La régularisation des sans-papiers en Espagne franchit une étape décisive avec la clôture de l’une des plus grandes campagnes jamais menées dans le pays. Pilotée par le gouvernement de Pedro Sánchez, cette procédure exceptionnelle a suscité un engouement bien au-delà des prévisions officielles. Les autorités entrent désormais dans une phase cruciale d’examen des candidatures.
La période de dépôt des demandes s’est achevée le 30 juin 2026. À cette date, Madrid a confirmé avoir enregistré plus d’un million de dossiers émanant d’étrangers en situation irrégulière. Un volume qui pulvérise les estimations de départ, l’exécutif tablant initialement sur environ 500 000 bénéficiaires potentiels de ce dispositif inédit.
Sans-papiers en Espagne : une mobilisation qui dépasse les prévisions
Lancée à la mi-avril, cette opération de régularisation s’adresse aux personnes résidant déjà sur le sol espagnol sans titre de séjour valide. Pour constituer un dossier recevable, chaque candidat devait justifier d’une présence ininterrompue d’au moins cinq mois au 1er janvier 2026 et fournir un casier judiciaire vierge.
Devant l’ampleur des demandes déposées, l’administration espagnole aborde maintenant une étape technique délicate. Les services concernés disposent d’un délai de trois mois pour instruire chaque candidature. Ils décideront ensuite de délivrer ou non un permis de séjour assorti d’une autorisation de travail, valable uniquement sur le territoire national.
Un calendrier serré pour les autorités
Ce traitement massif représente un défi logistique de taille pour les administrations régionales. Le tri des dossiers, leur vérification et la communication des décisions devront s’effectuer dans un laps de temps court. Plusieurs centaines de milliers de personnes attendent désormais une réponse qui changera leur quotidien.
Pourquoi Madrid assume cette régularisation massive
Pedro Sánchez revendique pleinement cette orientation migratoire. Pour le Premier ministre, l’objectif est double : extraire de la précarité administrative des milliers de résidents déjà installés et répondre aux tensions persistantes sur le marché de l’emploi espagnol.

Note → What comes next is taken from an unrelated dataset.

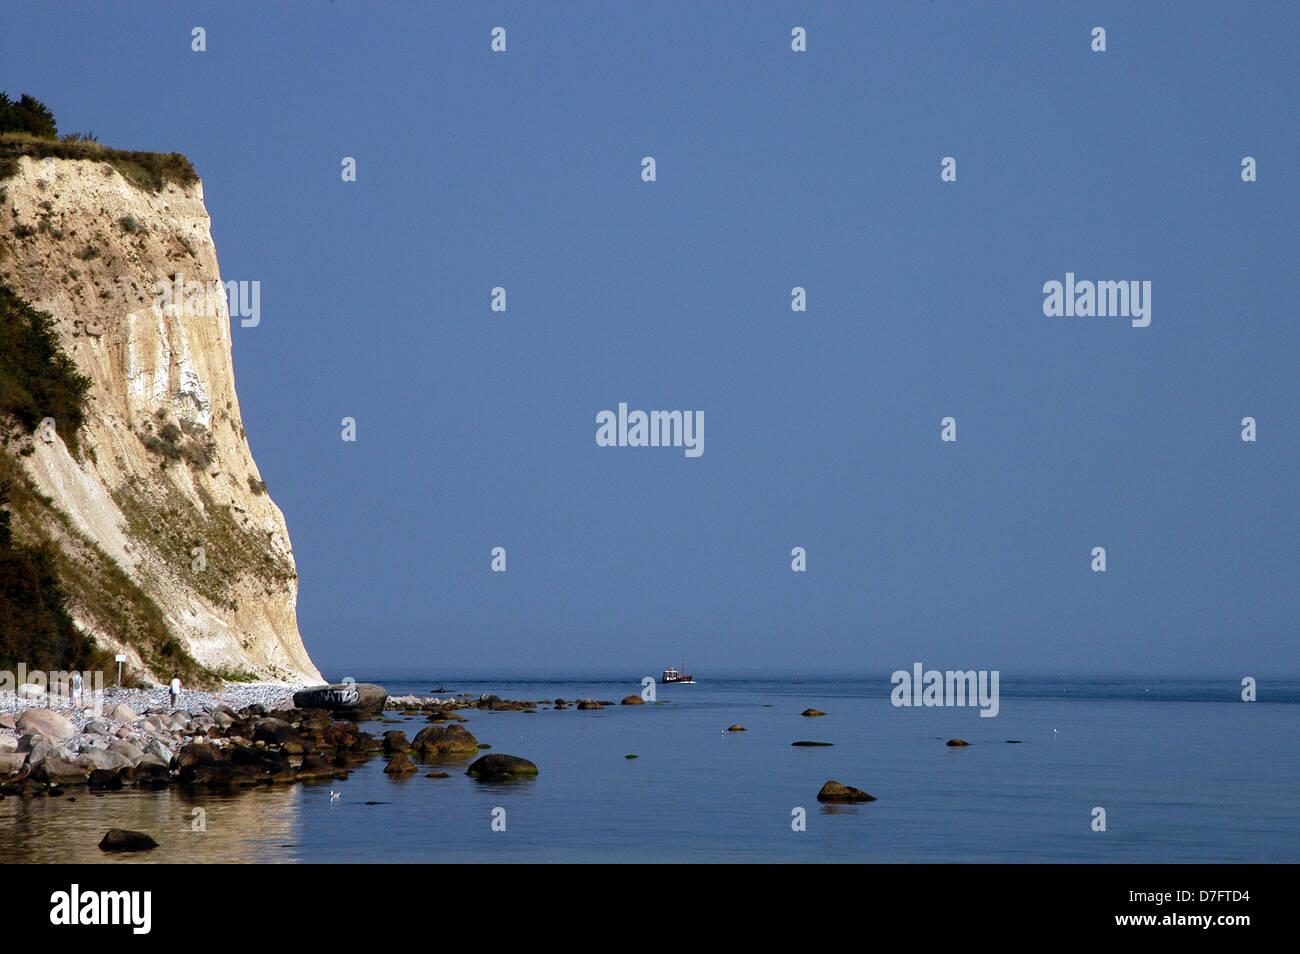 Germany, Baltic Sea, Rügen, Ruegen, cape Arkona, chalk rock, Kap Arkona, Kreidefelsen - Stock Image

Le chef du gouvernement considère l’immigration comme un levier indispensable face au vieillissement démographique et aux pénuries de main-d’œuvre. Il avance même un chiffre marquant : sans apport migratoire, l’Espagne risquerait de perdre 19 % de son PIB d’ici 2050.
Cette analyse trouve un écho favorable auprès d’une partie du patronat. De nombreux employeurs peinent à recruter, particulièrement dans l’agriculture, la construction, l’hôtellerie, le tourisme et les métiers de service.
Une régularisation qui fracture la scène politique
Le dispositif suscite néanmoins de vives oppositions. Le Parti populaire (PP) et la formation Vox dénoncent une mesure qui, selon eux, encouragerait l’immigration clandestine. Ils estiment que ce geste envoie un mauvais signal aux candidats à l’entrée irrégulière.
Face à ces attaques, Pedro Sánchez défend une approche qu’il présente comme « légale, sûre et ordonnée ». Le dirigeant socialiste affirme vouloir faire de l’Espagne un pays exemplaire en matière de respect des droits fondamentaux et de gestion humaine des flux migratoires.
Un enjeu suivi de près dans le Maghreb
Cette campagne intéresse particulièrement les pays d’Afrique du Nord. De nombreux ressortissants marocains, algériens et tunisiens vivent en Espagne, parfois sans statut régulier. Pour ces communautés, une telle régularisation ouvre la perspective d’un emploi déclaré et d’une stabilité administrative durable.
Le voisinage géographique entre le Maghreb et la péninsule ibérique renforce l’importance de ce dossier. Les liens économiques et humains tissés de part et d’autre du détroit de Gibraltar font de toute évolution migratoire espagnole un sujet de premier plan dans la région.
Quelles perspectives pour les candidats à la régularisation
Les mois à venir seront déterminants pour l’issue de l’opération. Toutes les demandes ne déboucheront pas sur une réponse favorable. Pour autant, ce dispositif pourrait permettre à plusieurs centaines de milliers d’étrangers de quitter la clandestinité et d’intégrer légalement le marché du travail.
Le contexte démographique espagnol éclaire l’ampleur du phénomène. Selon l’Institut national de la statistique (INE), plus de 10 millions de personnes nées à l’étranger résident aujourd’hui dans le pays, soit environ un habitant sur cinq.
Cette opération de régularisation, suivie avec attention dans toute l’Europe, pourrait inspirer d’autres États confrontés à des défis migratoires similaires. Son bilan, attendu à l’automne 2026, dira si le pari de Madrid sur l’intégration légale tient ses promesses.